=== Assigned task ===
The required output is the lines of the listing from the beginning through the line containing "1200Pcs/box Earring Findings", each copied exactly, without any pictures.

::::::::::

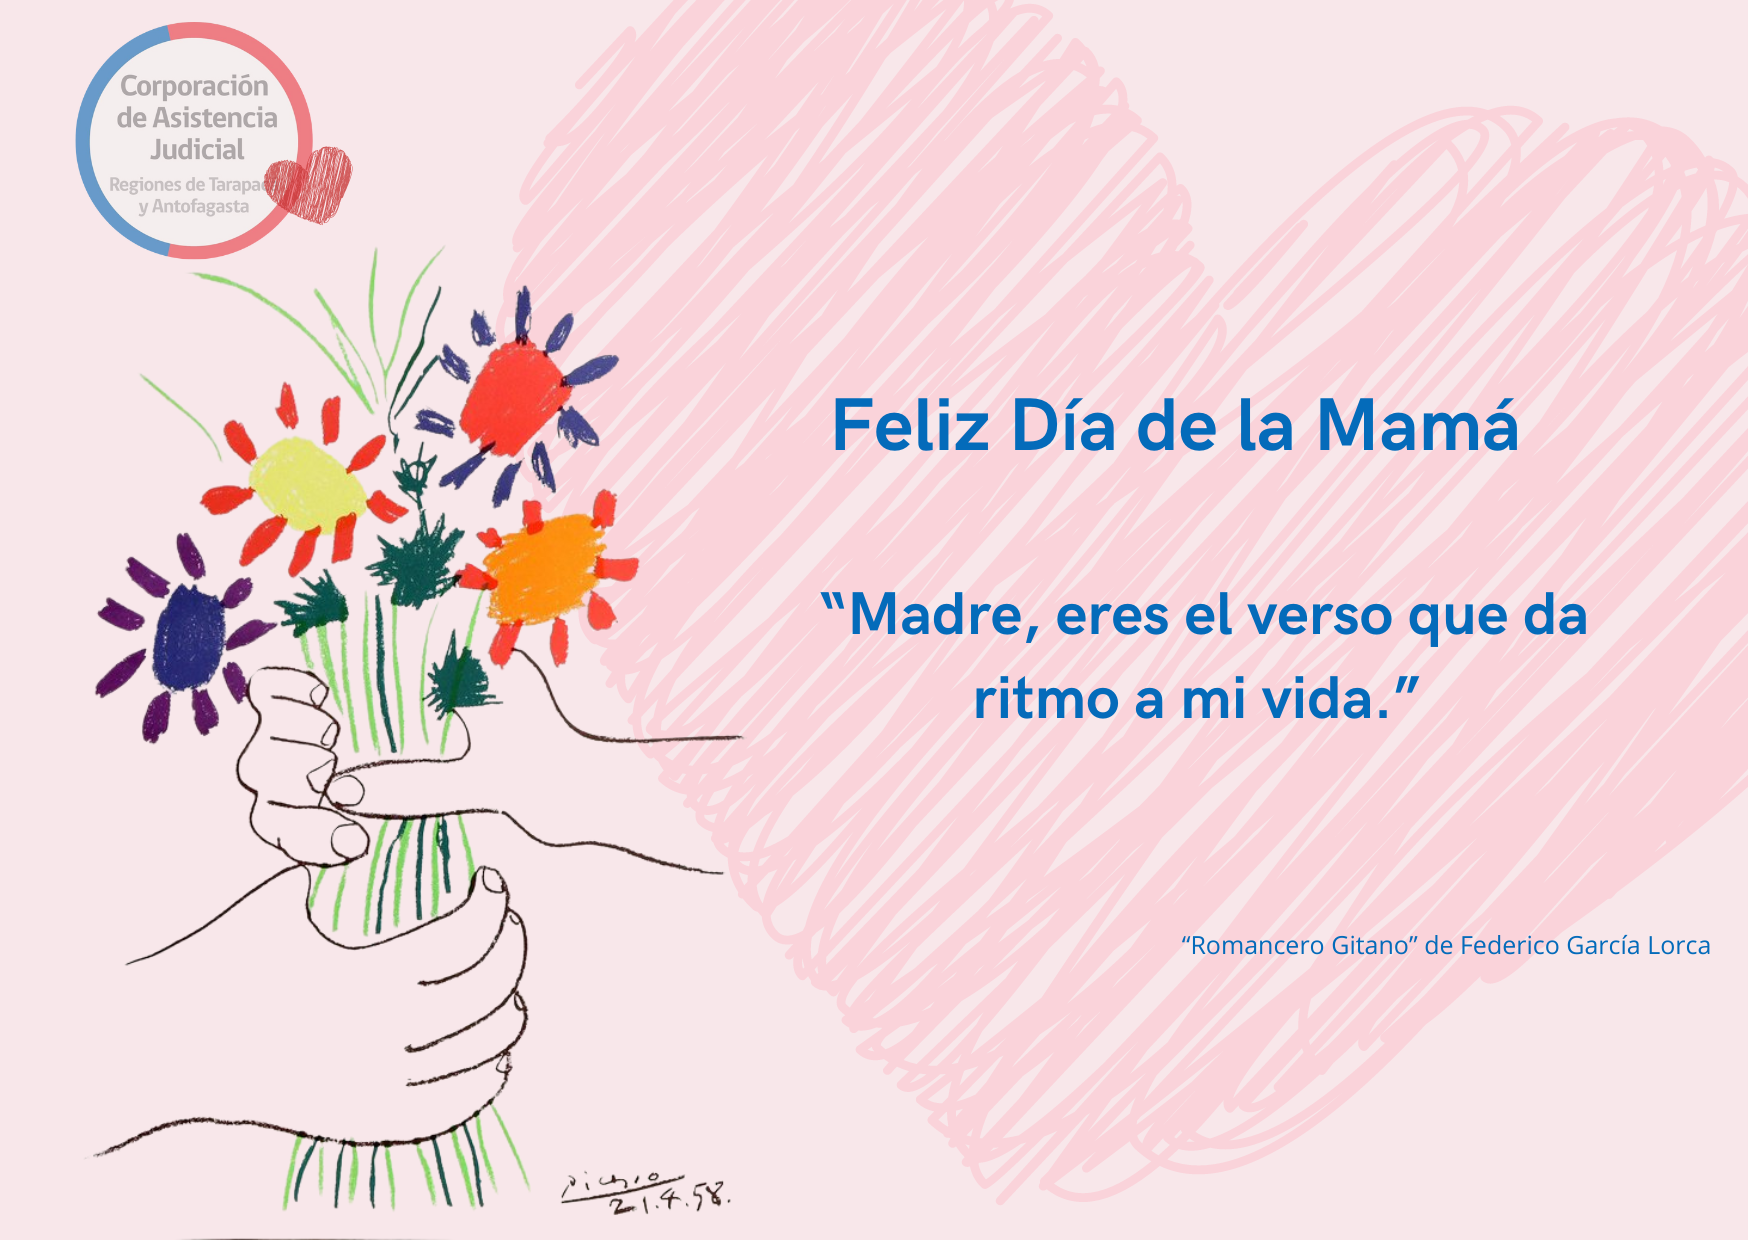 Saludo a todas las mamis en el Día de la Mamá
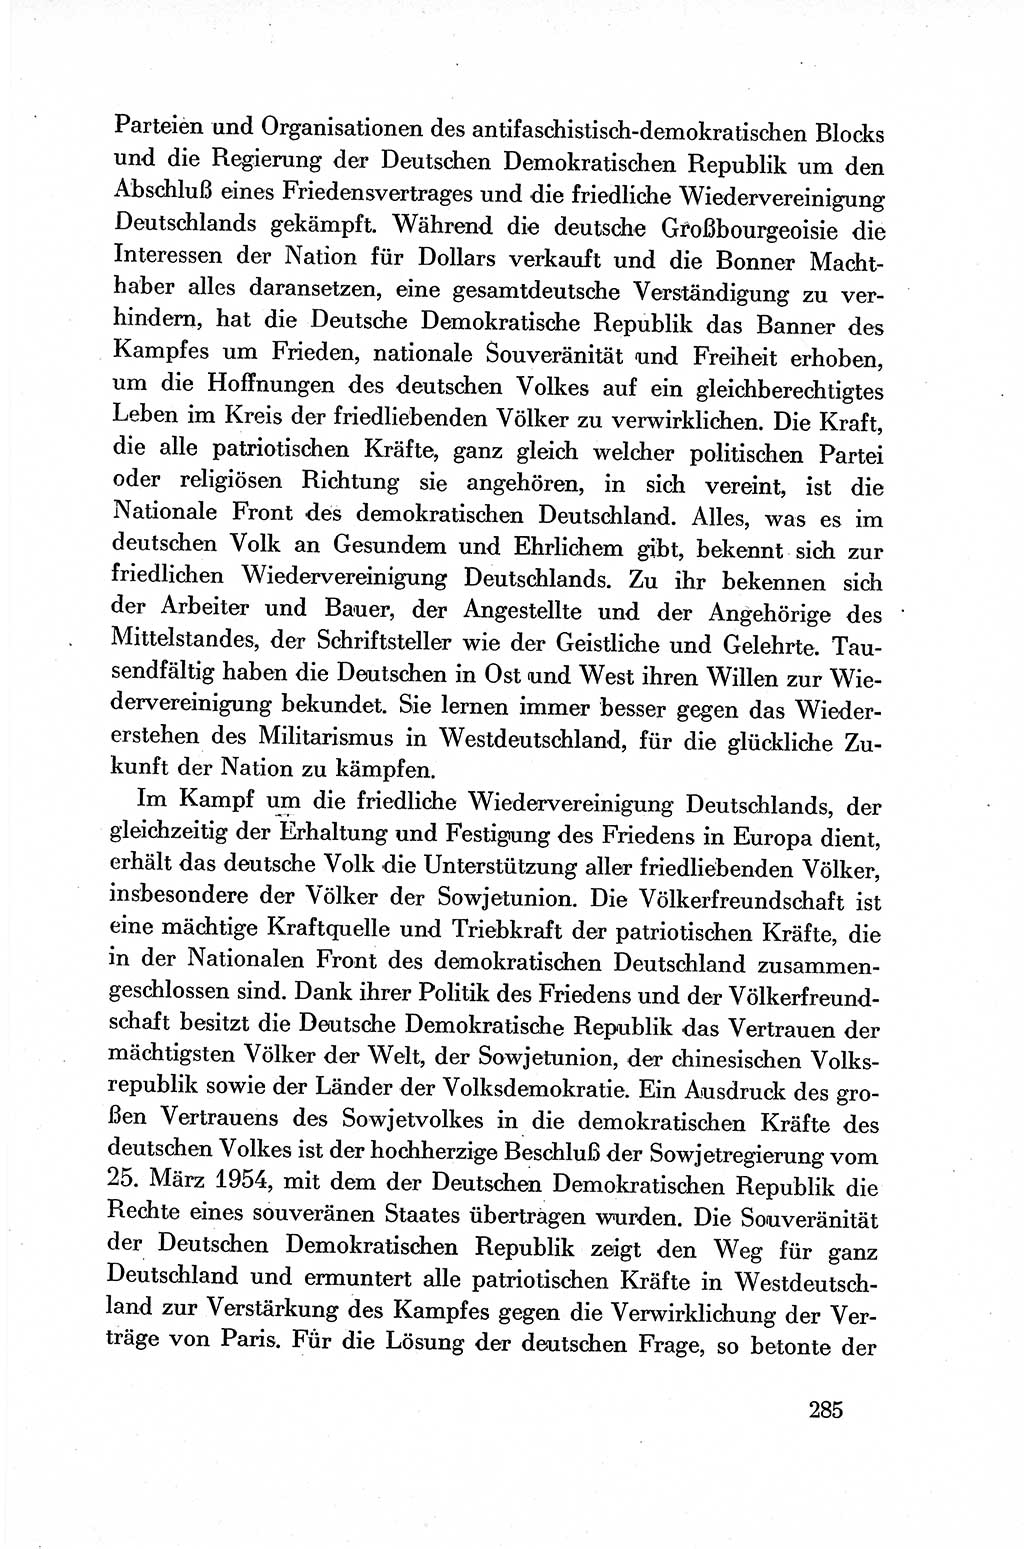 Dokumente der Sozialistischen Einheitspartei Deutschlands (SED) [Deutsche Demokratische Republik (DDR)] 1954-1955, Seite 285 (Dok. SED DDR 1954-1955, S. 285)
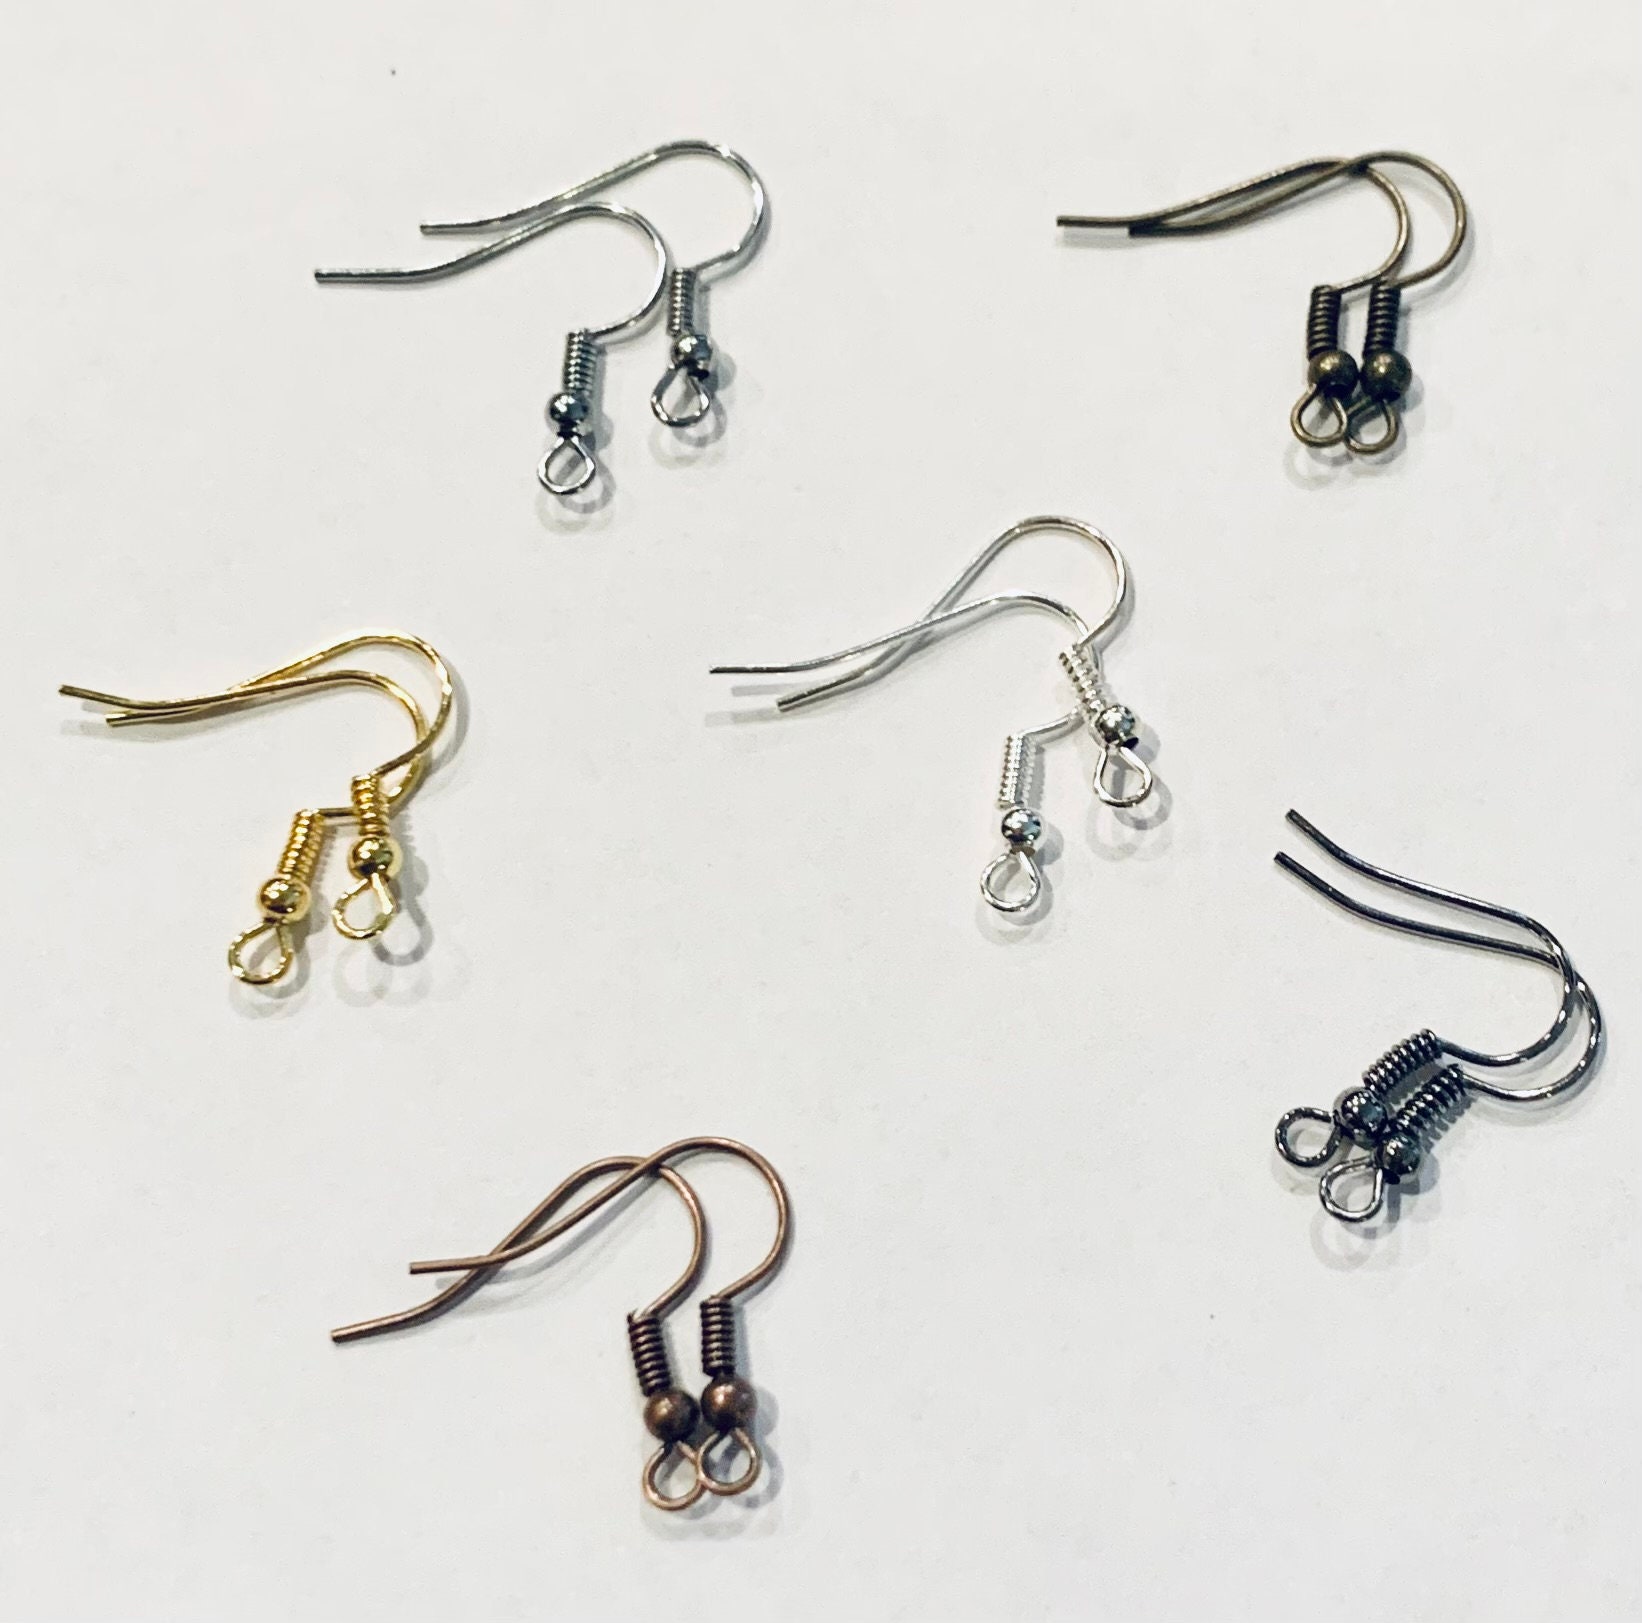 1200Pcs/box Earring Findings Set 15 Style Earring Backs Kit Earring Hooks  Studs Posts for Earring Making
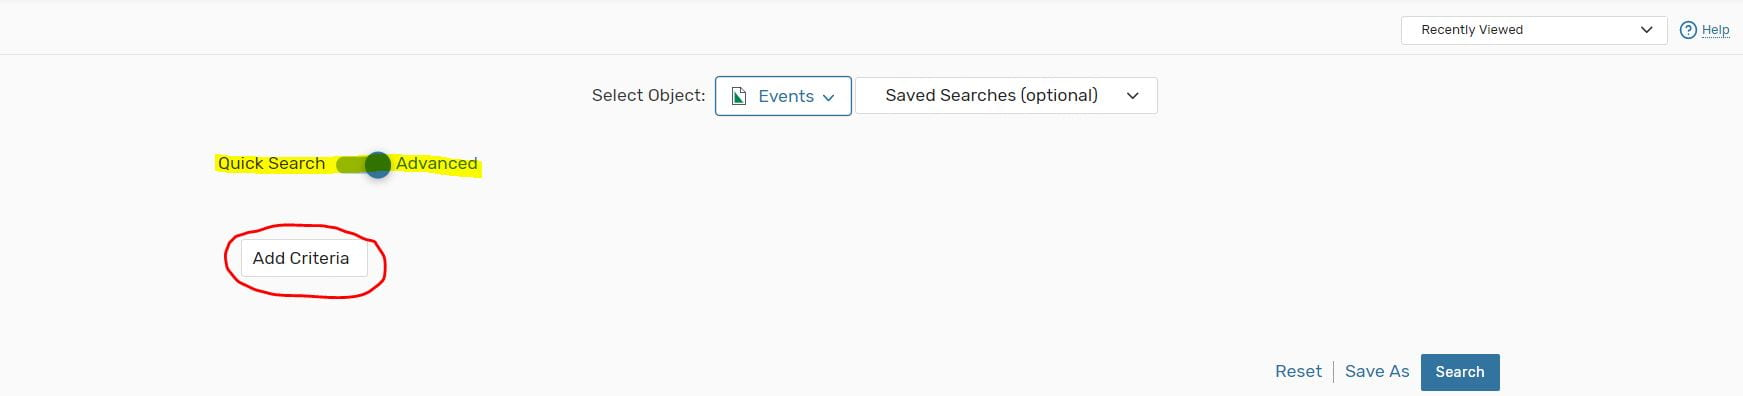 Search add criteria option in 25Live
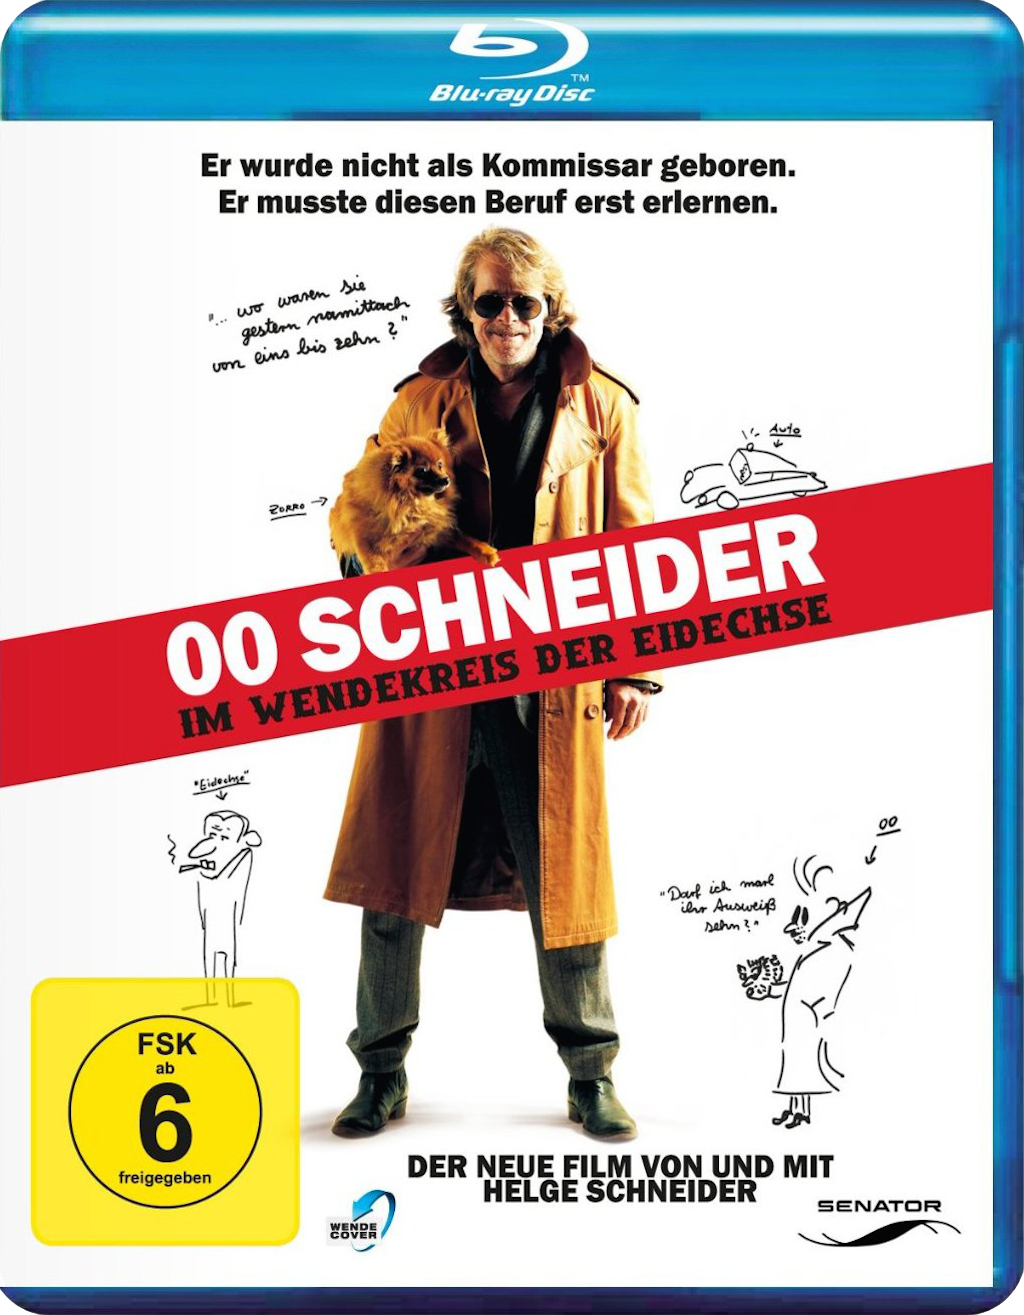 00 Schneider U2013 Im Wendekreis Der Eidechse - Schneider Beruf, Transparent background PNG HD thumbnail

::::::::::

=== Solution to this problem ===
 Saludo a todas las mamis en el Día de la Mamá
 Dokumente der Sozialistischen Einheitspartei Deutschlands (SED) [Deutsche Demokratische Republik (DDR)] 1954-1955, Seite 285 (Dok. SED DDR 1954-1955, S. 285)
 1200Pcs/box Earring Findings Set 15 Style Earring Backs Kit Earring Hooks  Studs Posts for Earring Making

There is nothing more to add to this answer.